Тэтчер хватает круглый табурет возле стола, садится на него и подкатывается к связанному мужчине. Подобно тому, как это делает врач при осмотре пациента. Сайлас снова отступает назад, скрестив руки, прислонившись к стене, продолжая наблюдать.
— Ты скромно зарабатываешь, не так ли, доктор Дискил? Шестьдесят тысяч в год? Предположительно больше здесь, в Пондероза Спрингс. Это приятная жизнь для твоих двух сыновей, не так ли? Сколько им лет? Пять и десять? — спрашивает Тэтч, вежливо ожидая ответа.
При этом он выкладывает свернутую черную кожаную сумку. Расслабленными руками он расстегивает застежки на боку, переворачивает ее и медленно начинает разворачивать на столе. Металлические предметы, находящиеся внутри, отражаются в лунном свете, мерцая в темноте, как смертоносные звезды.
— Ах ты, маленький извращенец… — шипит Говард, пытаясь встать со стула.
Длинные ледяные пальцы Тэтчера пробегают по его коллекции взад-вперед:
— Я спрашиваю, потому что твои руки жизненно важны для твоей работы. Я, как никто другой, знаю, насколько важны руки для искусства расчленения, поэтому я соотношу их с тобой, доктор Дискил.
Я скрежещу зубами, наблюдая, как доктор рассматривает все сложные лезвия на своем столе. Его кадык покачивается.
— Так и не разучился играть со своей едой перед трапезой, а, Тэтч? — говорит Рук, осматривая кабинет.
Тэтчер только ухмыляется, продолжая задавать вопросы. Залезть в голову — половина удовольствия для него. Ему нравится не только заставлять их истекать кровью снаружи, он жаждет страха внутри.
— Мой отец дал мне вот это, — говорит он, поднимая один из ножей, — Ты ведь знаешь моего отца, не так ли?
Вопрос заставляет доктора содрогнуться,
— Да, предполагаю, что знаю.
— Видишь ли, с помощью этого ножа я мог бы использовать этот маленький крючок и вонзить его в плоть твоей спины, прежде чем содрать кожу. Я как раз искал новую пару кожаных сапог.
— Я ничего не знаю!
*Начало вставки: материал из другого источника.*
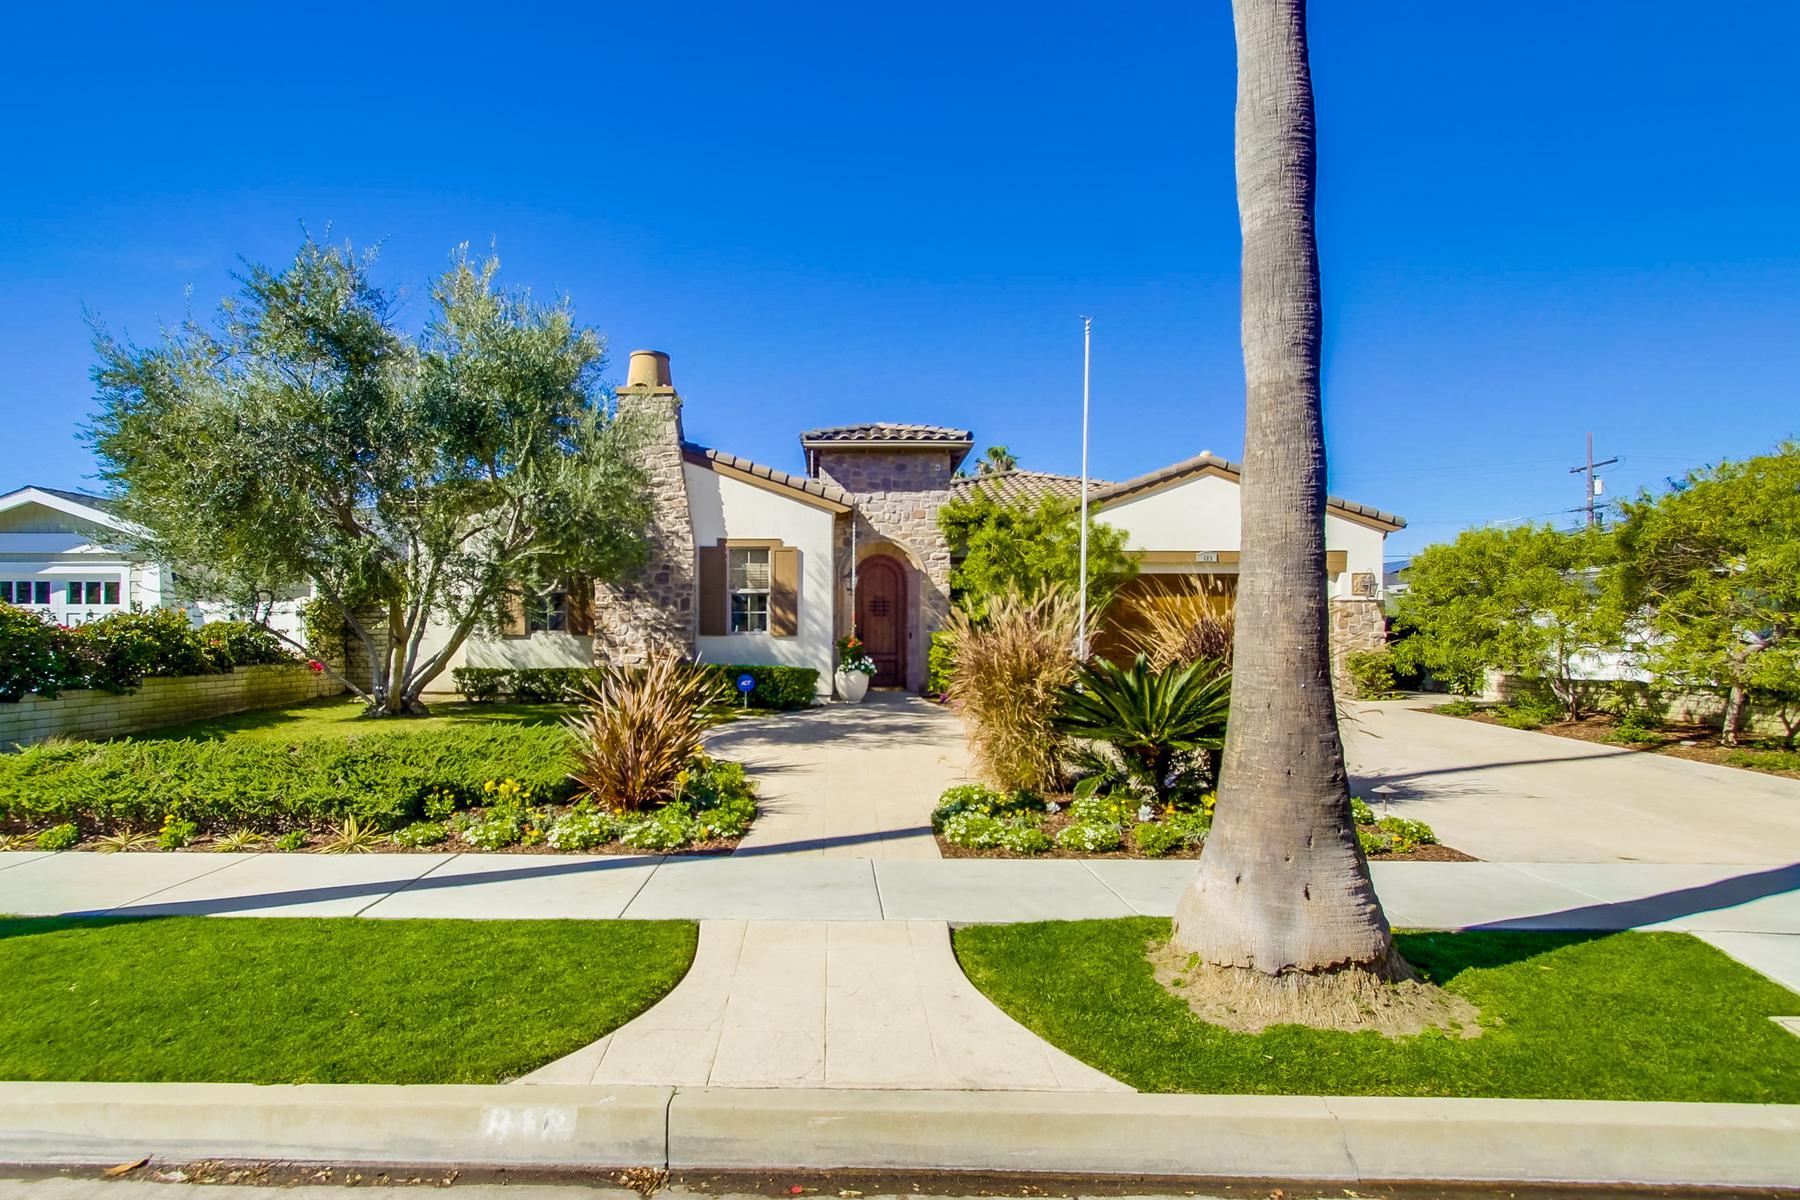 Additional photo for property listing at 810 Alameda Blvd 810 Alameda Blvd Coronado, California 92118 United States

Это бессмысленно! — продолжает Говард, его голос дрожит при мысли о том, что Тэтч сделает из него пару обуви.
Покончив с поддразниванием, он хватает более толстое и длинное лезвие, на мгновение ощущая его вес в руке, прежде чем схватить доктора за запястье, чтобы удержать его неподвижно. С точностью и почти изяществом Тэтч рассекает первую костяшку мизинца. Кусок придатка беспомощно падает на землю.
Белая кость быстро покрывается фонтаном крови, бьющей из того, что осталось от его маленького пальца. Нечеловеческий крик вырывается у него, когда он смотрит вниз на свою руку, ужасаясь тому, на что мы готовы пойти.
— Ты думаешь, то, что он сделал, больно? Несколько ударов в живот и разбитая губа? Я покажу тебе боль, доктор Дискил. Сильную боль. Пока последние слова, которые ты выкрикнешь из своего мерзкого рта, не будут: «Пожалуйста, просто убей меня». Итак, я предлагаю тебе ответить на наш вопрос, пока у меня не осталось ничего, что можно было бы разрезать.
На мгновение фасад самого богатого, будущего политика Пондероза Спрингс трескается. Существо, скрывающееся под ним, выходит поиграть.